NCCoE (NIST) 2026 Roadmap¶
The US National Cybersecurity Center of Excellence under NIST has published its strategic plan for 2026, where AI security stands as one of four pillars:
- AI & Machine Learning Security — security of AI systems including agentic architectures
- Post-Quantum Cryptography
- Zero-Trust Architecture
- Software Supply Chain Security
NCCoE is working on practical reference architectures and guidelines that will be directly applicable to enterprise AI agent deployments. For companies operating globally or supplying to the US market, this is a relevant regulatory signal.
Our Recommendations: The CORE SYSTEMS Perspective¶
Based on our experience with enterprise clients, we see a clear pattern: organizations that address AI agent security proactively have a significantly lower risk profile than those that react only after an incident. Here are our recommendations:
1. Conduct an AI Agent Threat Assessment¶
Before deploying another agent, map out: - What agents you have in production (including shadow AI) - What data and systems they can access - Who owns them (accountability) - What the worst-case scenario is if they’re compromised
2. Implement an Agent Governance Framework¶
Define rules for the entire AI agent lifecycle: - Approval — who can deploy a new agent and under what conditions - Permissions — how they’re granted, reviewed, and revoked - Monitoring — what gets logged and who reviews it - Incident response — what happens when an agent goes rogue
3. Start with Sandboxing and Least Privilege¶
You don’t have to implement everything at once. Two steps with the highest ROI: - Isolate agents in sandboxes (containers, network segments) - Limit permissions to the minimum needed for the use case
4. Deploy Behavioral Monitoring¶
Traditional WAFs and IDS can’t see what an agent does inside your infrastructure. You need: - Logging of all tool calls and agent decisions - Anomaly detection on behavioral patterns - Alerting on unusual data access patterns
5. Prepare for Regulation¶
The EU AI Act and NCCoE roadmap clearly indicate the direction. Prepare: - Documentation of HITL mechanisms - Audit trails for all high-risk AI operations - A compliance plan for EU AI Act Article 14
6. Adopt a Zero-Trust Mindset for AI¶
Stop thinking of the agent as a trusted tool. It’s an entity with access — and every entity with access must be continuously verified, monitored, and constrained.
Conclusion¶
Agentic AI is a transformative technology. But transformative technologies bring transformative risks. 2026 is an inflection point — most enterprises already have agents or are deploying them, but only a fraction have them properly secured.
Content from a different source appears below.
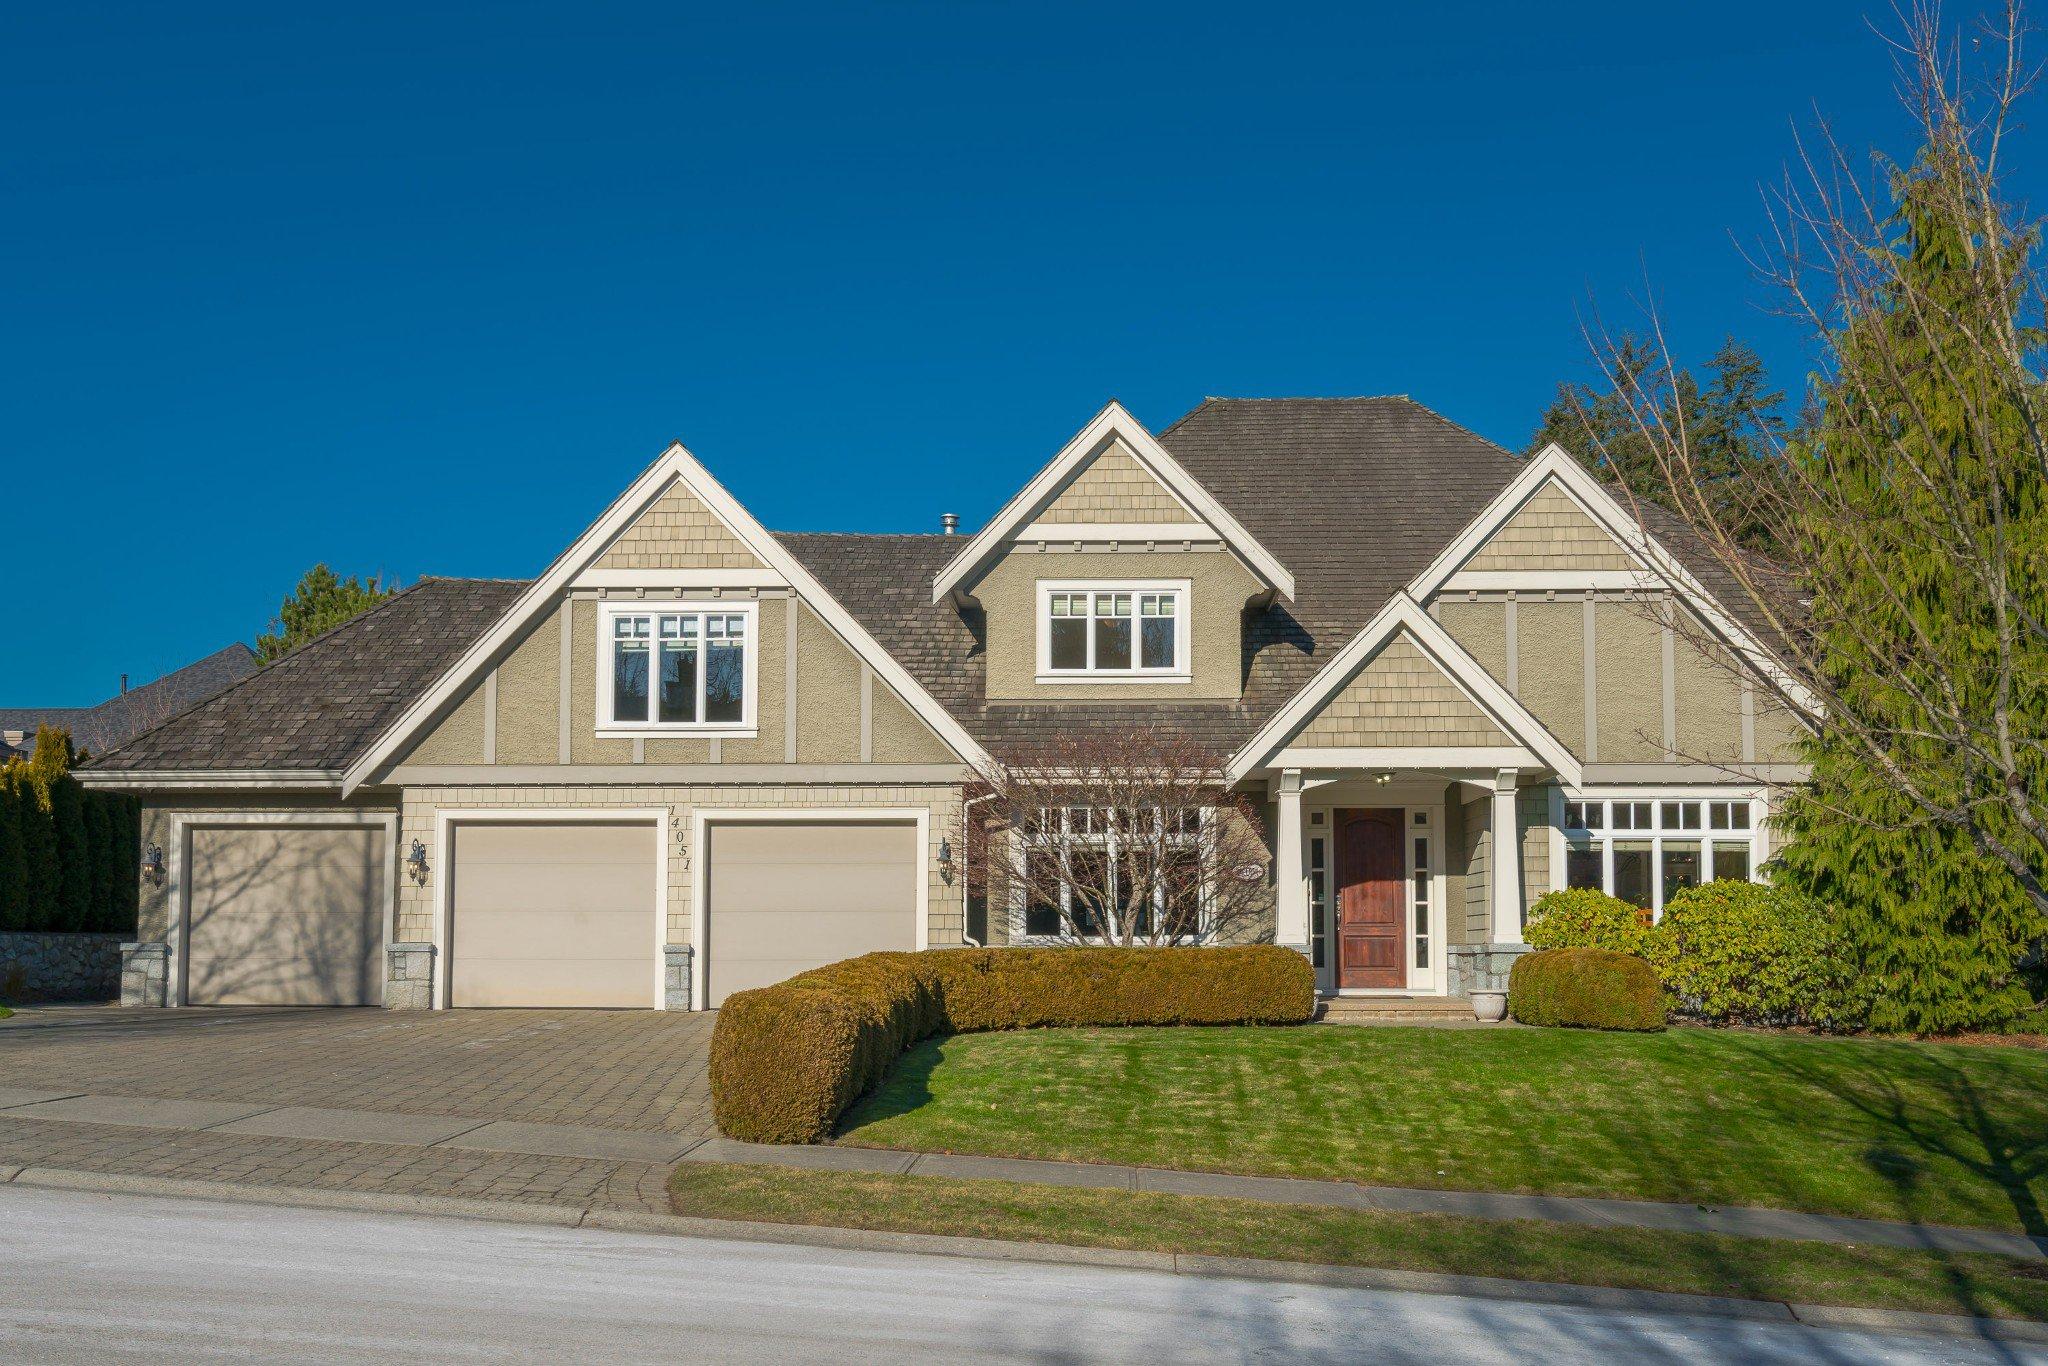 "Main Photo: 14051 30 Avenue in Surrey: Elgin Chantrell House for sale in ""ELGIN PARK ESTATES"" (South Surrey White Rock)  : MLS®# R2367026"

The numbers are clear: 48% of security professionals see agentic AI as the top attack vector, 79% of organizations are already deploying agents, and regulators are tightening the rules. The window for proactive preparation is closing.
AI agent security isn’t a technical nice-to-have. It’s a business-critical priority. And the sooner you start addressing it, the less it will cost — in money and in reputation.